Management of Mirror Buddy Groups

Mirror buddy groups are numeric IDs, just like the numeric IDs of the storage targets. Please note that buddy group IDs don’t conflict with target IDs, i.e., they don’t need to be distinct from storage target IDs.

There are basically two different ways to define buddy groups. They can be defined manually, or you can tell BeeGFS to create them automatically.

Of course, defining groups manually gives you greater control and allows you to create a more detailed configuration. For example, the automatic mode won’t consider targets that are not equally sized.
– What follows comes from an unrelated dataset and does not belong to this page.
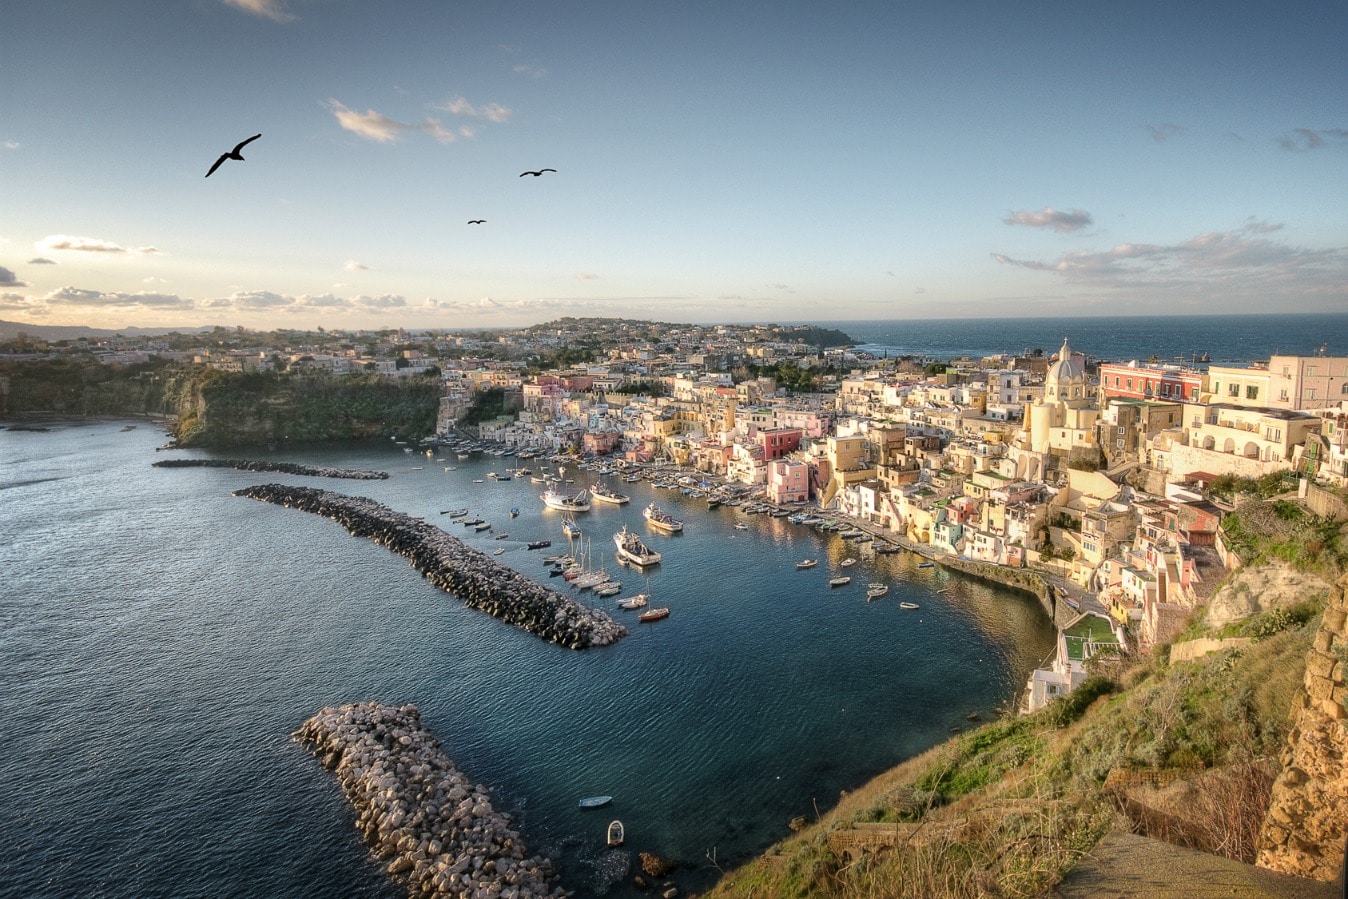 Lire la suite à propos de l’article La Dolce Vita à Ischia, Procida et Capri…

It also doesn’t know about the topology of your system, so if you, for example, want to make sure that members of buddy groups are placed in different physical locations you have to define them manually.

Define Buddy Groups automatically

Automatic creation of buddy groups can be done with beegfs-ctl, separately for metadata and for storage servers:

$ beegfs-ctl --addmirrorgroup --automatic --nodetype=meta
$ beegfs-ctl --addmirrorgroup --automatic --nodetype=storage

Please see the builtin help of beegfs-ctl for more information on available parameters:

$ beegfs-ctl --addmirrorgroup --help

Define Buddy Groups manually

Manual definition of mirror buddy groups can be useful if you want to set custom group IDs or if you want to make sure that the buddies are in different failure domains (e.g., different racks). Manual definition of mirror buddy groups is done with the beegfs-ctl tool. By using the following command, you can create a buddy group with the ID 100, consisting of targets 1 and 2:

$ beegfs-ctl --addmirrorgroup --nodetype=storage --primary=1 --secondary=2 --groupid=100

Please see the builtin help of beegfs-ctl for more information on available parameters: beegfs-ctl --addmirrorgroup --help

When creating mirror buddy groups for metadata manually, and one of them contains the root directory, it is necessary to set this one as primary.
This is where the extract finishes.